*Aim of the exercise*: Only one stretch of the data should be retyped: the lines from the line containing "Maple Engineered Hardwood Ema00lgee, Natural" through the line containing "咸摩卡奶油卷/完美毛巾面技巧+回味无穷摩卡配方/烘焙视频蛋糕篇9「中卷」". Keep pictures out of it.

*The records*:
%%

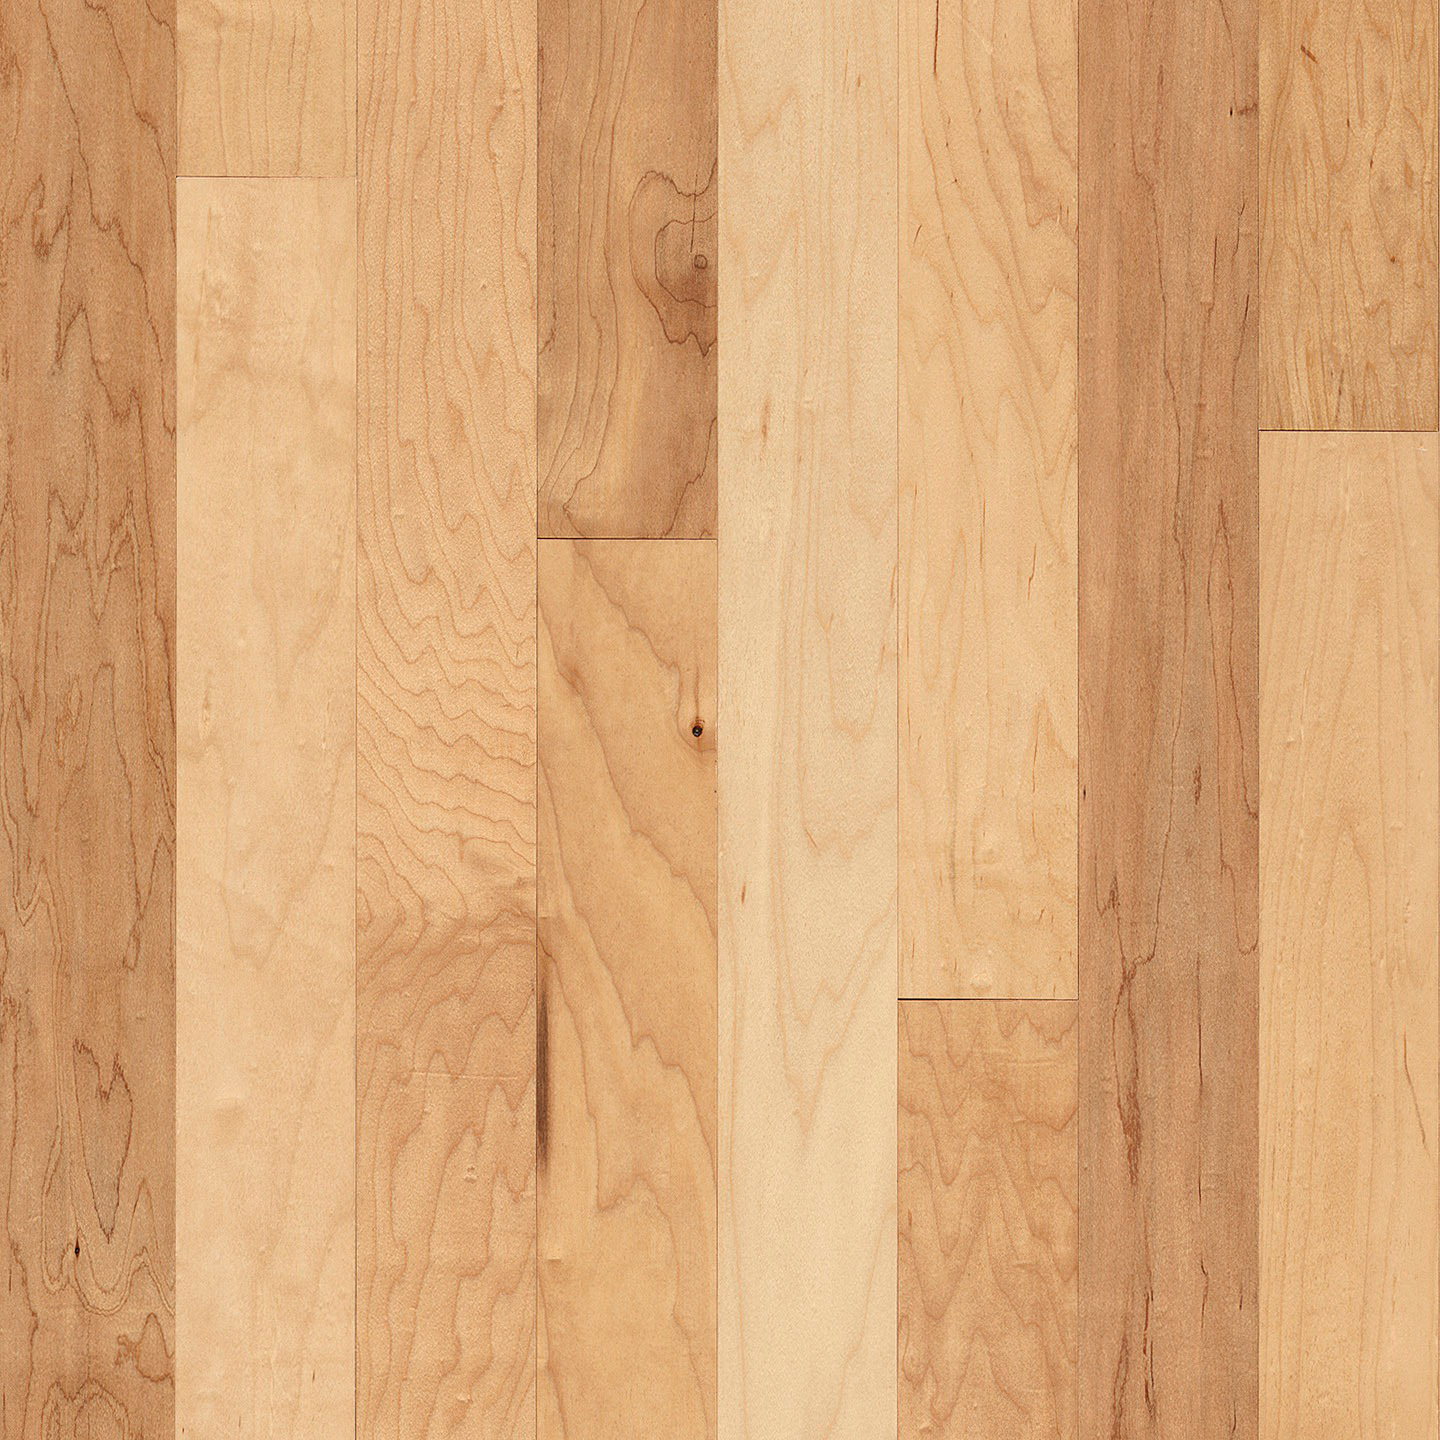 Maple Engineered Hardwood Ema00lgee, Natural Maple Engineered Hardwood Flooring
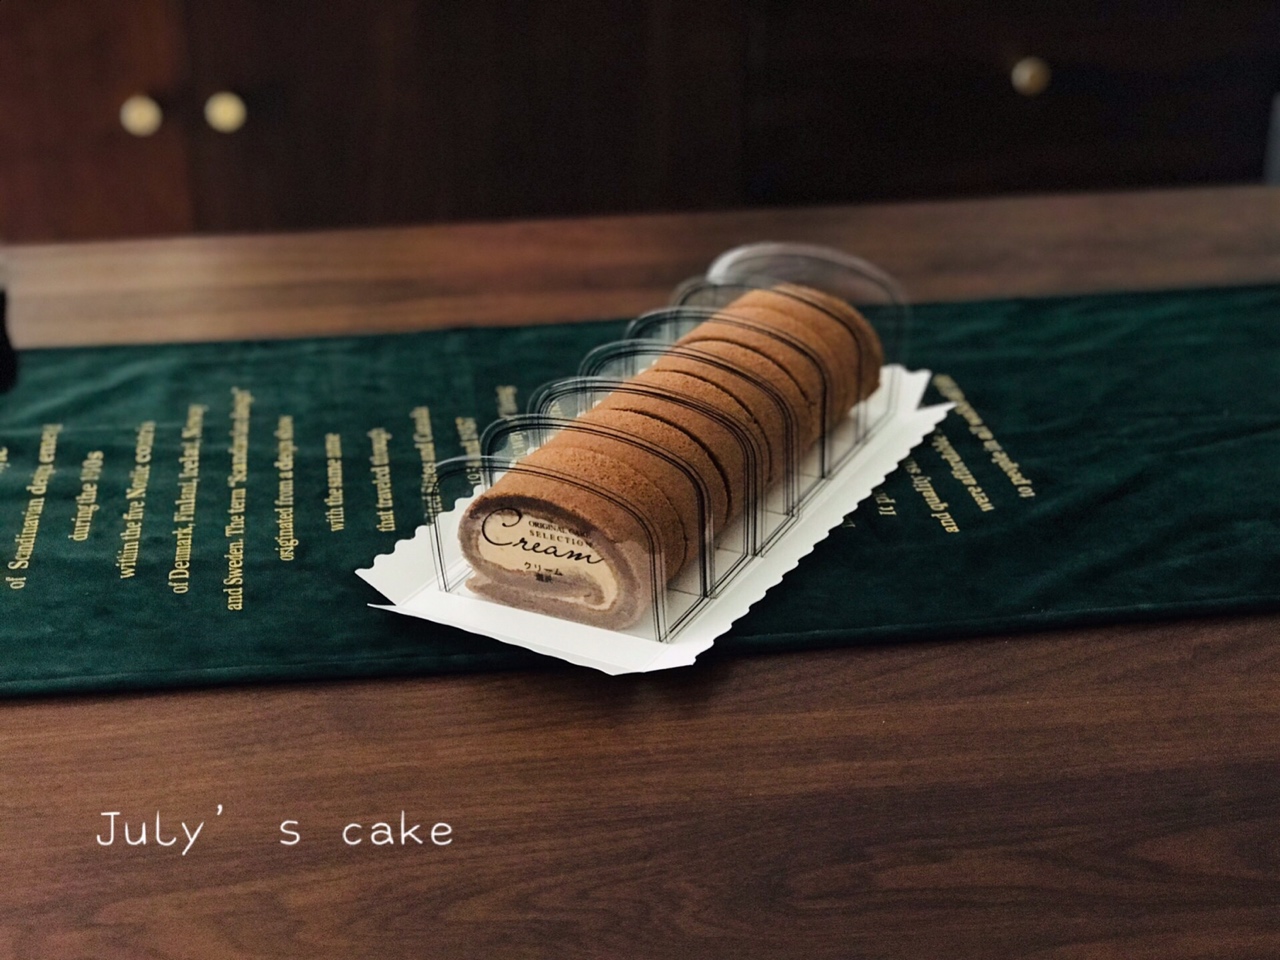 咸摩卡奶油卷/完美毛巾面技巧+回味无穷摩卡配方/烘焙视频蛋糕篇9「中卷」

%%
%%

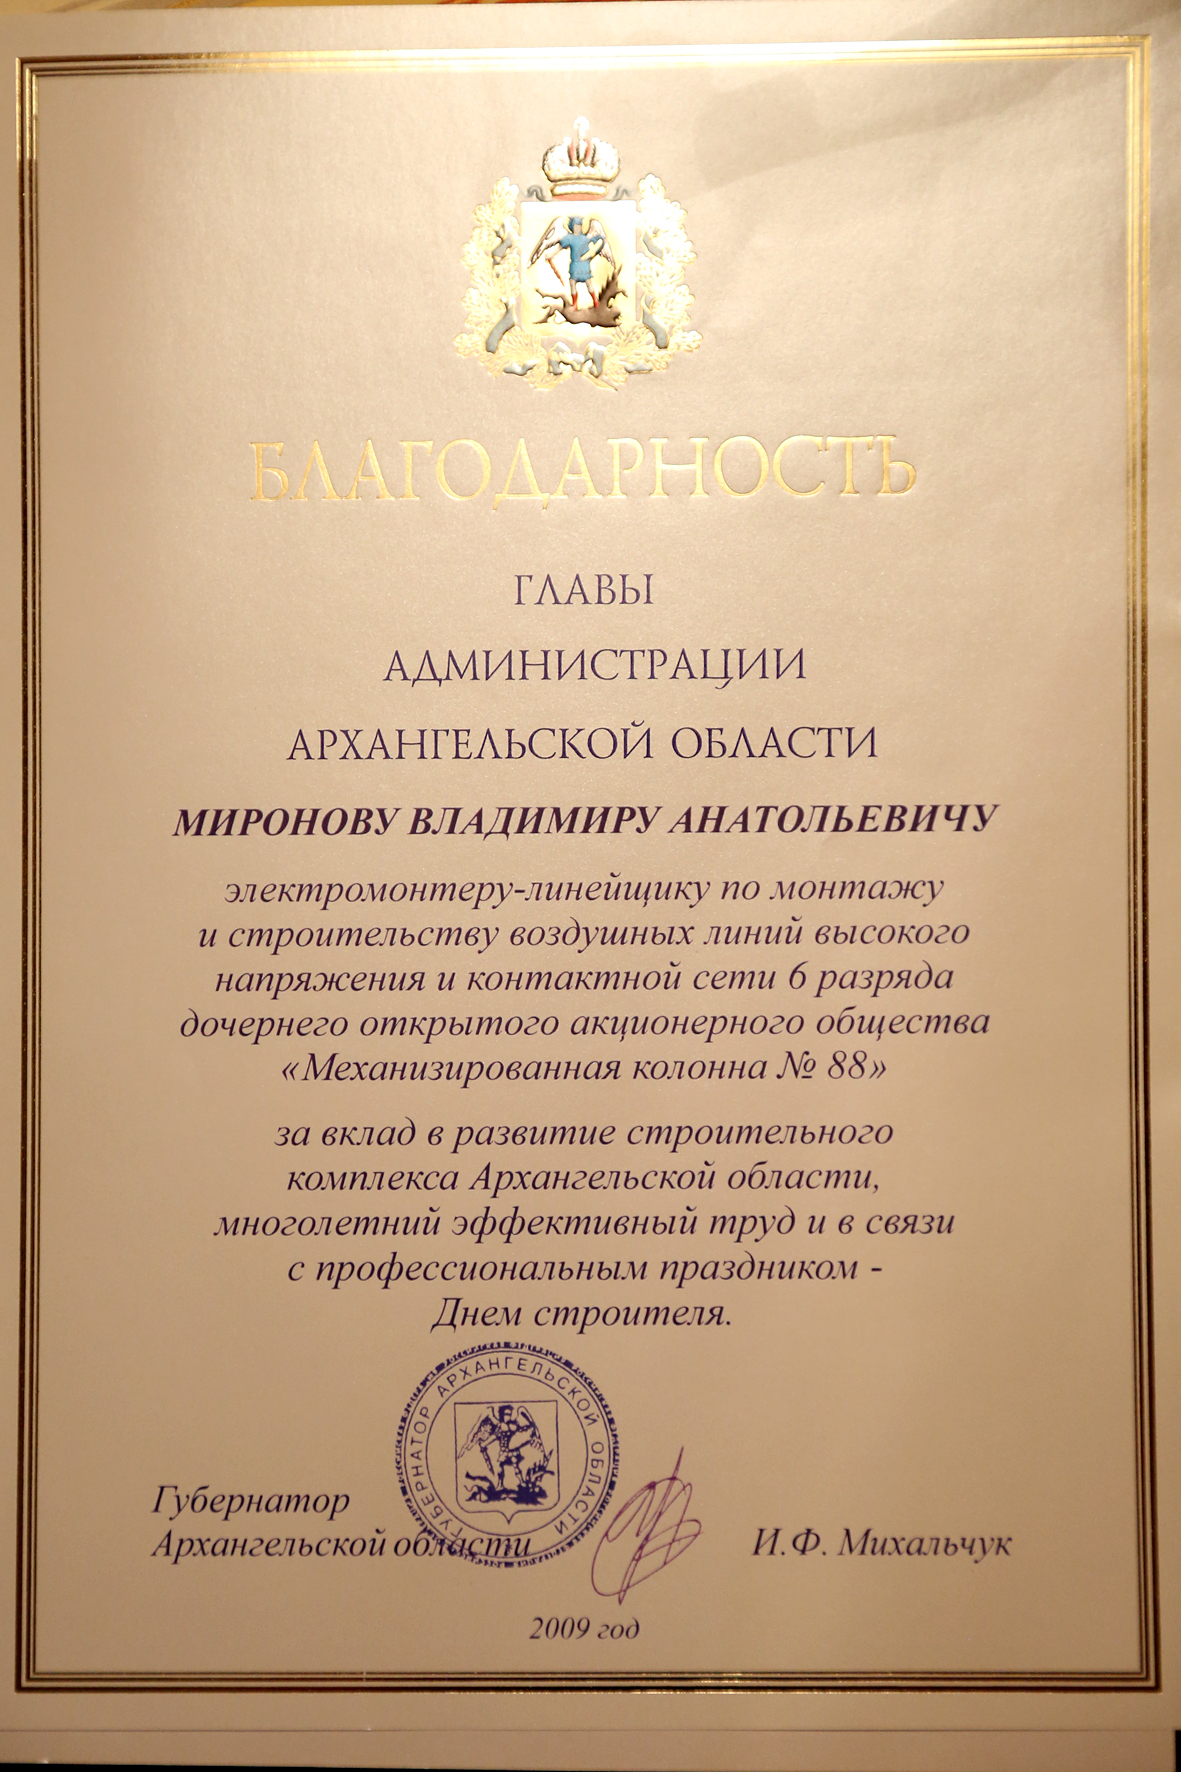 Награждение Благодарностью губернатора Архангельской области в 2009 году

%%

*Solution to the problem*:
 Maple Engineered Hardwood Ema00lgee, Natural Maple Engineered Hardwood Flooring
 咸摩卡奶油卷/完美毛巾面技巧+回味无穷摩卡配方/烘焙视频蛋糕篇9「中卷」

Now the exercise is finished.